NVIDIA GPUs and AMD GPUs have different architectures. Even within the same GPU brand your architectures are different between families or series.
An example is the GTX 1660 Ti which has the NVIDIA Turing architecture and the GTX 1070 which makes use of the Pascal architecture.
And so between companies, they are going to have different GPU architectures.
Differences in GPU architecture mean differences between AMD Stream processors and NVIDIA CUDA cores.
AMD stream processors are smaller and run on lower frequencies whilst NVIDIA CUDA cores are bigger and run on higher frequencies.
AMD Stream Processors
NVIDIA CUDA Cores
Run At Lower Frequencies
Run At High Frequencies
Small in Size
Large In Size
Do The Number of NVIDIA CUDA Cores And AMD Stream Processors Make A Big Difference?
Yes, the number of NVIDIA CUDA Cores and AMD Stream Processors do make a huge difference. Just like the more cores, a CPU has the more powerful it is. The same logic applies to GPUs.
If you are comparing two GPUs from the same company and architecture. The one with more CUDA/Stream processors is going to be the more powerful one.
An RTX 3070 is going to have more CUDA cores than an RTX 3060.
There is a catch though. You can’t compare the performance of two GPUs if they are from different series or companies using the number of stream processors or CUDA cores only.
This is because each company has its own GPU architecture that they use.
This is why you can’t use the CUDA cores or stream processors to solely determine the power of a GPU. This is the reason why benchmarks exist.
A perfect example is the GTX 1070 and RTX 2060. Both have the same amount of CUDA cores. According to Userbenchmark, the RTX 2060 beats the GTX 1070 by 6 per cent.
Yes, the more CUDA cores or stream processors a GPU the more powerful it is. Only if it belongs to the same family.

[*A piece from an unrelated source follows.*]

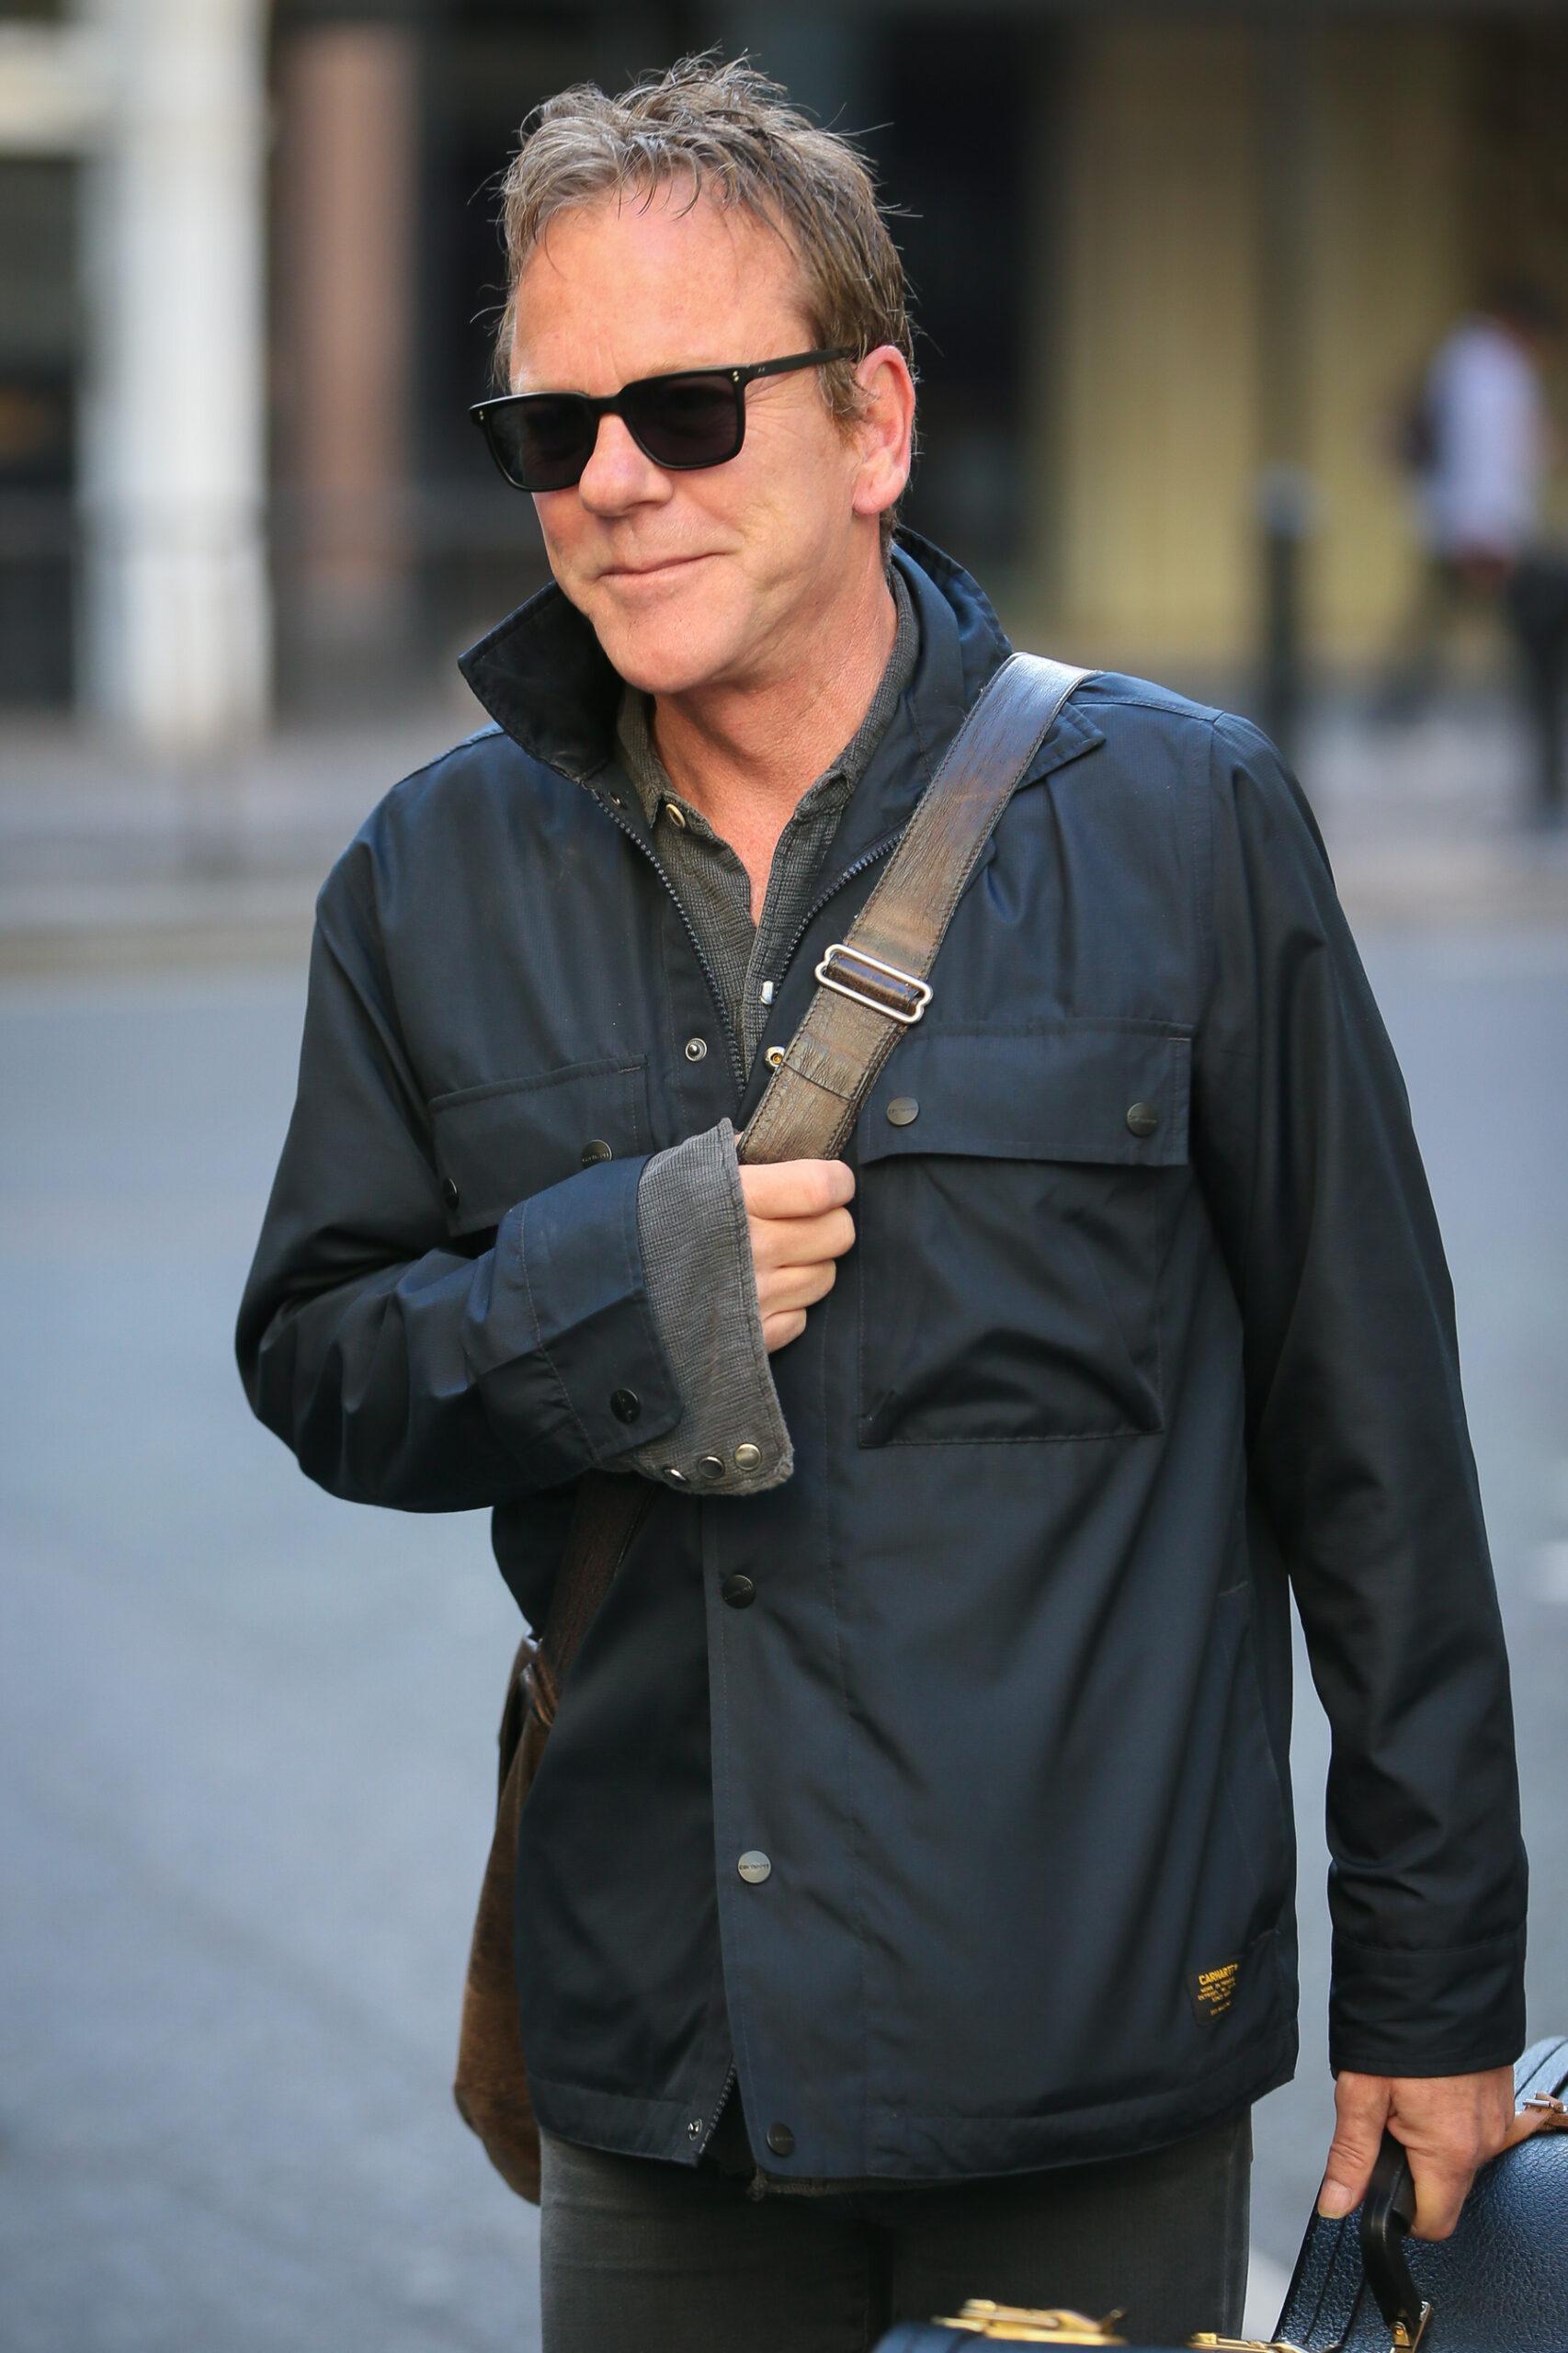 Kiefer Sutherland visiting BBC Radio Two Studios to promote his new album Reckless & Me - London

Using the amount of AMD stream processors and NVIDIA CUDA cores to determine the power of a GPU is a sure way to make wrong conclusions.
This brings us back to the GPU architecture. A major reason for the difference in performance in GPUs.
How Many CUDA Cores Equal a Stream Processor?
Can you convert the number of NVIDIA CUDA cores to AMD stream processors?
There is no way to convert the number of NVIDIA CUDA cores to AMD stream processors. There are no formulas like that.
It’s not even possible. Here’s why.
- GPU architectures are not the same
- The differences we talked about earlier between NVIDIA CUDA cores and AMD stream processors.
Yes, even though we said they are the same i.e have the same function in pixel processing. NVIDIA and AMD took different approaches in making and implementing them in their respective GPU architectures.
So you can’t convert 1920 NVIDIA CUDA cores to X number of stream processors or vice versa. It’s like saying you want to convert an Intel CPU to an AMD CPU. Even though they are both CPUs you can’t do that.
The only true way to know which is better is by benchmarking the GPUs. Benchmarking is the only way to know which is more powerful.
There it is for NVIDIA CUDA cores Vs. AMD Stream Processors. Their functions are similar but the way they are implemented by NVIDIA and AMD results in some differences.
In addition to that, AMD stream processors and NVIDIA CUDA cores are a way to tell how powerful a GPU is.
Although this applies only if they belong to the same GPU architecture or family. A sure way to compare performance is by checking their benchmarks.